Stereoisomer names in cxcalc and marvin different?

User 677b9c22ff

04-11-2008 19:35:08

HI,


i tested all stereoisomers from an inositol OC1C(O)C(O)C(OC2C(O)C(O)C(O)C(O)C2O)C(O)C1O and got 532. The number is wrong and lower (528), I will open a ticket for that later.





If I calculate the names with cxcalc name inositols-532.smi I get:








Code:



O[C@H]1[C@@H](O)[C@@H](O)[C@@H](O[C@H]2[C@@H](O)[C@H](O)[C@H](O)[C@@H](O)[C@H]2O)[C@H](O)[C@@H]1O


O[C@H]1[C@@H](O)[C@@H](O)[C@H](O[C@H]2[C@@H](O)[C@H](O)[C@H](O)[C@@H](O)[C@H]2O)[C@H](O)[C@@H]1O











Code:



527     (1R,2R,4R,5R)-6-{[(1S,2R,3R,4S,5R,6S)-2,3,4,5,6-pentahydroxycyclohexyl]oxy}cyclohexane-1,2,3,4,5-pentol


528     (1R,2R,4R,5R)-6-{[(1S,2R,3R,4S,5R,6S)-2,3,4,5,6-pentahydroxycyclohexyl]oxy}cyclohexane-1,2,3,4,5-pentol








which is the same name (possible if the name algo is a strong canonizer).

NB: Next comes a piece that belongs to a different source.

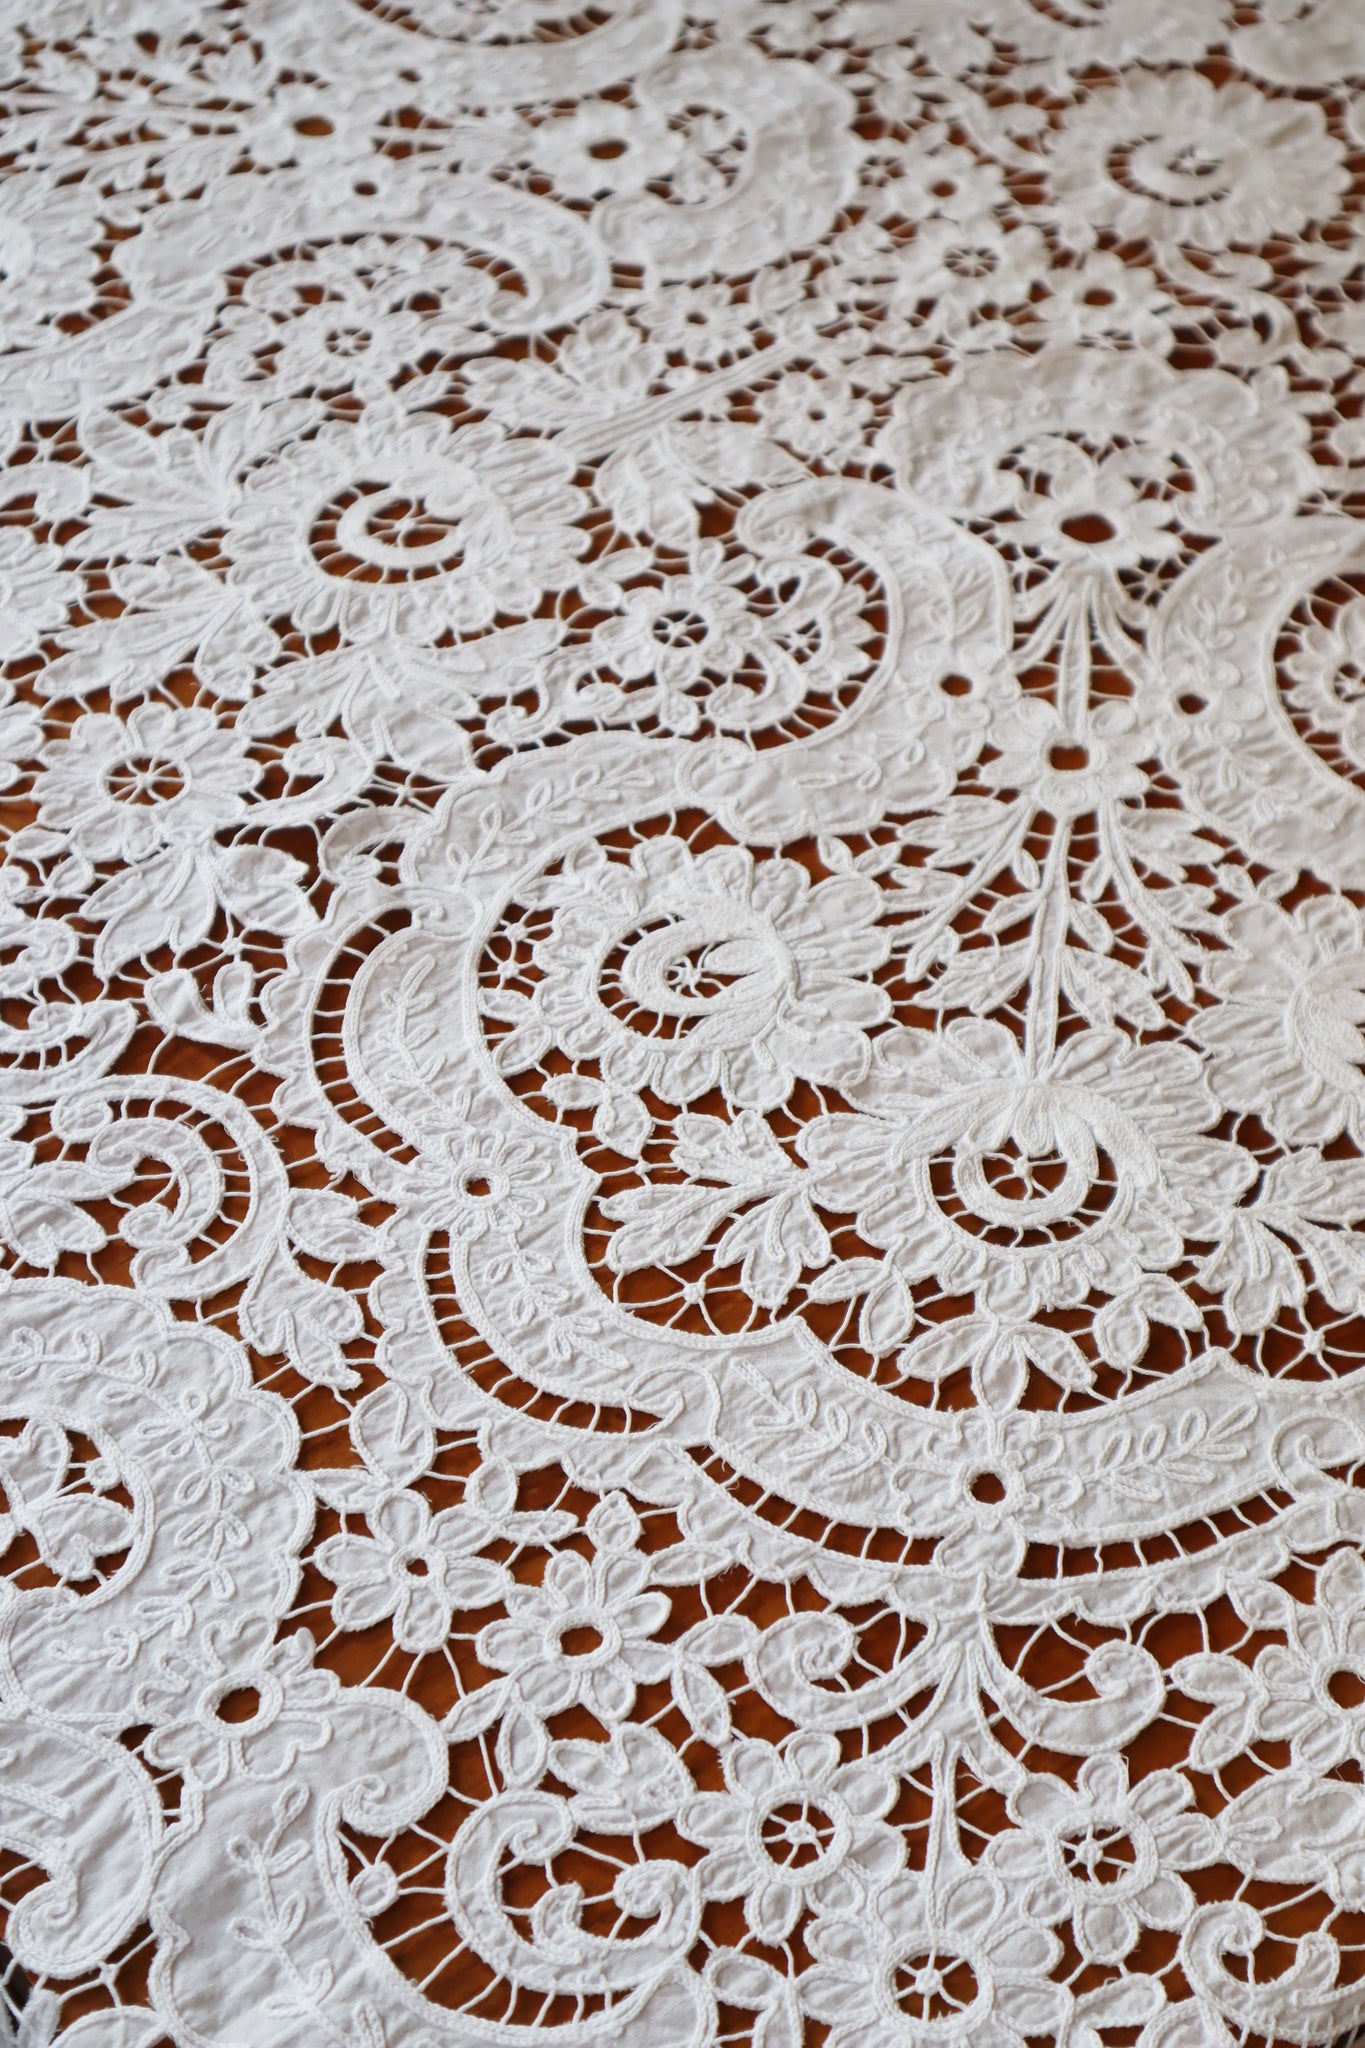 60s Beautiful Tablecloth Made Of Embroidered Chain Stitch Floral Lace

But in Marvin 5.0.1 (which has confirmed stereogen issues) I get


different names:





Code:



Preferred IUPAC Name = (1R,2R,3S,4R,5S,6S)-6-{[(2R,3R,5R,6R)-2,3,4,5,6-


pentahydroxycyclohexyl]oxy}cyclohexane-1,2,3,4,5-


pentol





Preferred IUPAC Name = (1R,2R,4R,5R)-6-{[(1S,2R,3R,4S,5R,6S)-2,3,4,5,6-


pentahydroxycyclohexyl]oxy}cyclohexane-1,2,3,4,5-


pentol








I also checked different options (single mode , non IUPAC) etc.

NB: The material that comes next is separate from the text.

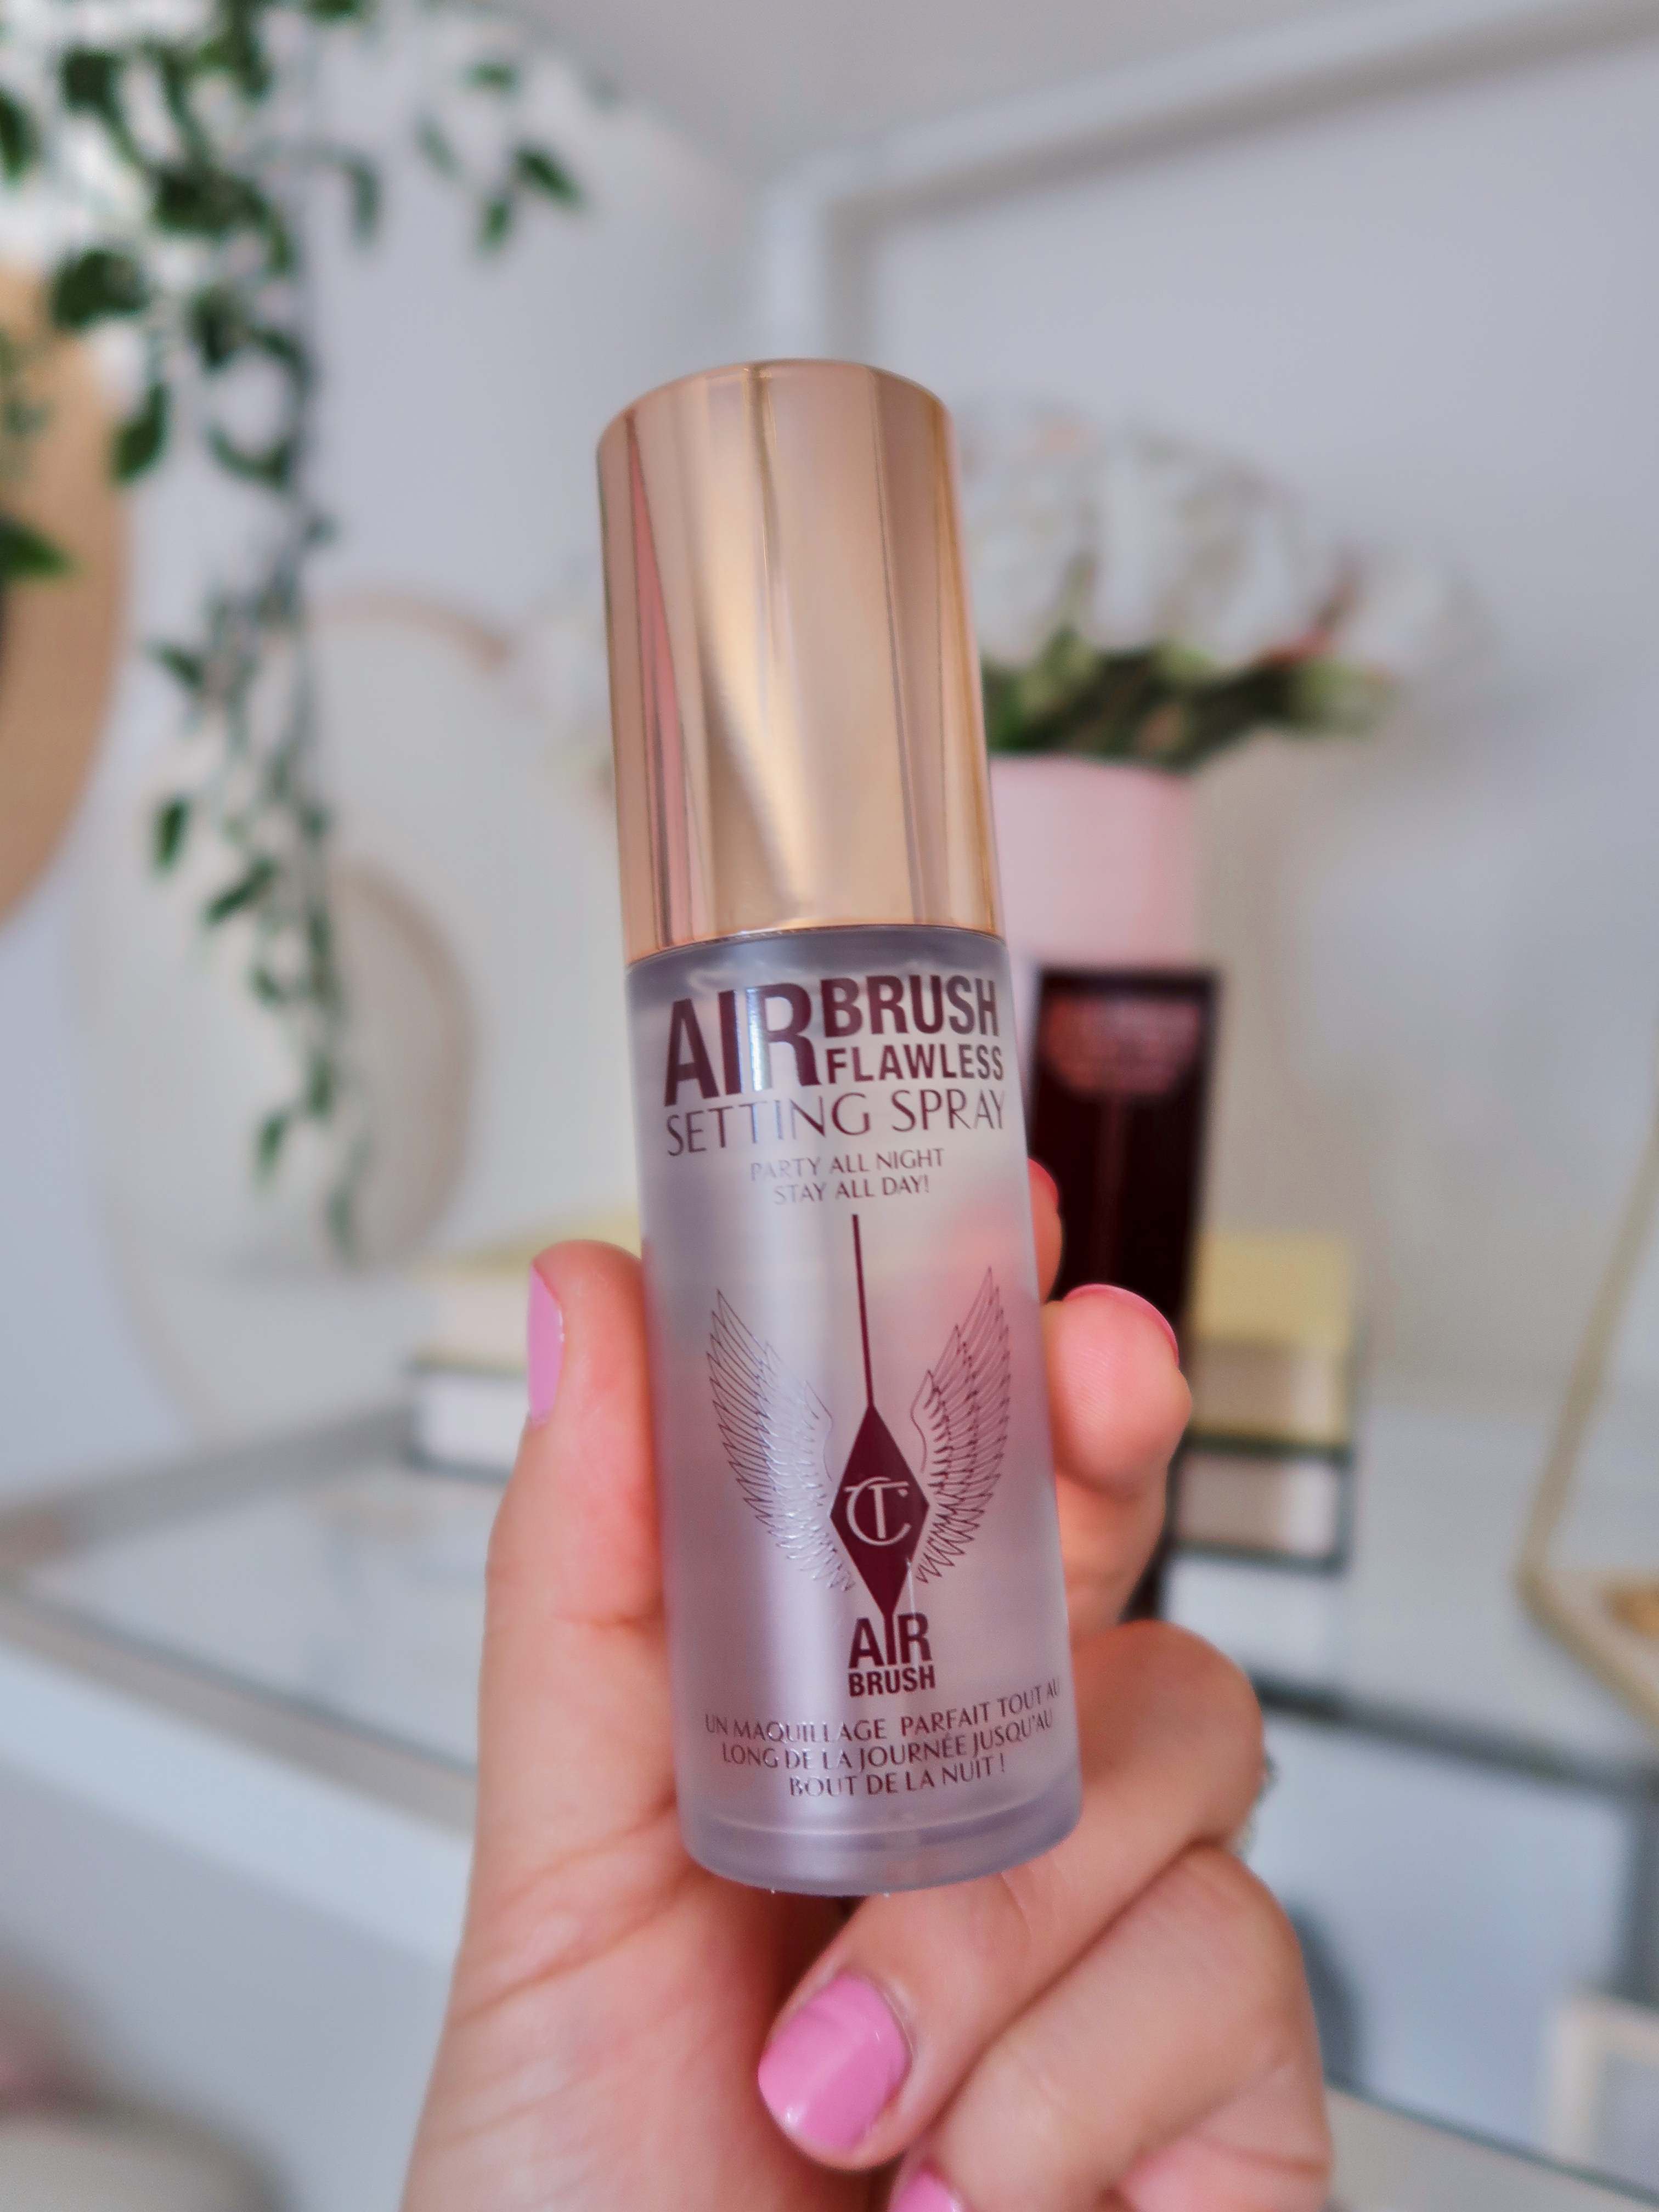 Charlotte Tilbury vs Urban Decay: Which make-up setting spray is best?

But cxcalc generates different names.


I attached two files, one with the smiles and one with the generated names.


Tobias

ChemAxon e7b9408ca1

05-11-2008 14:25:13

Dear Tobias,





As far as I can see the situation is as follows. The molecules are the same, in particular they have the same chirality, they are just represented differently. Both names generated by Marvin 5.0 are correct (they depend on which cycle is chosen to be the parent). For implementation reasons, Marvin 5.1 generates the same name in both cases.





In general, do not expect that the "same" molecule will be given only one name. The IUPAC standard specifically makes several names acceptable is countless cases. There is a draft specification from IUPAC that tries to assign a preferred name is such cases, but


1. it is only a draft


2. it does not cover all cases (yet). For instance I could not find any rule saying which of those two names is preferred.





Is this satisfactory?

User 677b9c22ff

05-11-2008 18:12:50

Hi Daniel,


The substances are not the same, this is a (possibly severe) error in the naming algorithm. See also Inositol naming bug.





Unique SMILES (are different):


O[C@H]1[C@@H](O)[C@@H](O)[C@@H](O[C@H]2[C@@H](O)[C@H](O)[C@H](O)[C@@H](O)[C@H]2O)[C@H](O)[C@@H]1O


O[C@H]1[C@@H](O)[C@@H](O)[C@H](O[C@H]2[C@@H](O)[C@H](O)[C@H](O)[C@@H](O)[C@H]2O)[C@H](O)[C@@H]1O





Code:



cxcalc name "O[C@H]1[C@@H](O)[C@@H](O)[C@@H](O[C@H]2[C@@H](O)[C@H](O)[C@H](O)[C@@H](O)[C@


H]2O)[C@H](O)[C@@H]1O"


id      Preferred IUPAC Name


1       (1R,2R,4R,5R)-6-{[(1S,2R,3R,4S,5R,6S)-2,3,4,5,6-pentahydroxycyclohexyl]oxy}cyclohexane-1,2,3,4,5-pentol


cxcalc name "O[C@H]1[C@@H](O)[C@@H](O)[C@H](O[C@H]2[C@@H](O)[C@H](O)[C@H](O)[C@@H](O)[C@


H]2O)[C@H](O)[C@@H]1O"


id      Preferred IUPAC Name


1       (1R,2R,4R,5R)-6-{[(1S,2R,3R,4S,5R,6S)-2,3,4,5,6-pentahydroxycyclohexyl]oxy}cyclohexane-1,2,3,4,5-pentol








Now from Marvin, after the SMILES are cononized,


the SMILES trings have a different string length,


that means they are not the same.





However now the names generated are the same.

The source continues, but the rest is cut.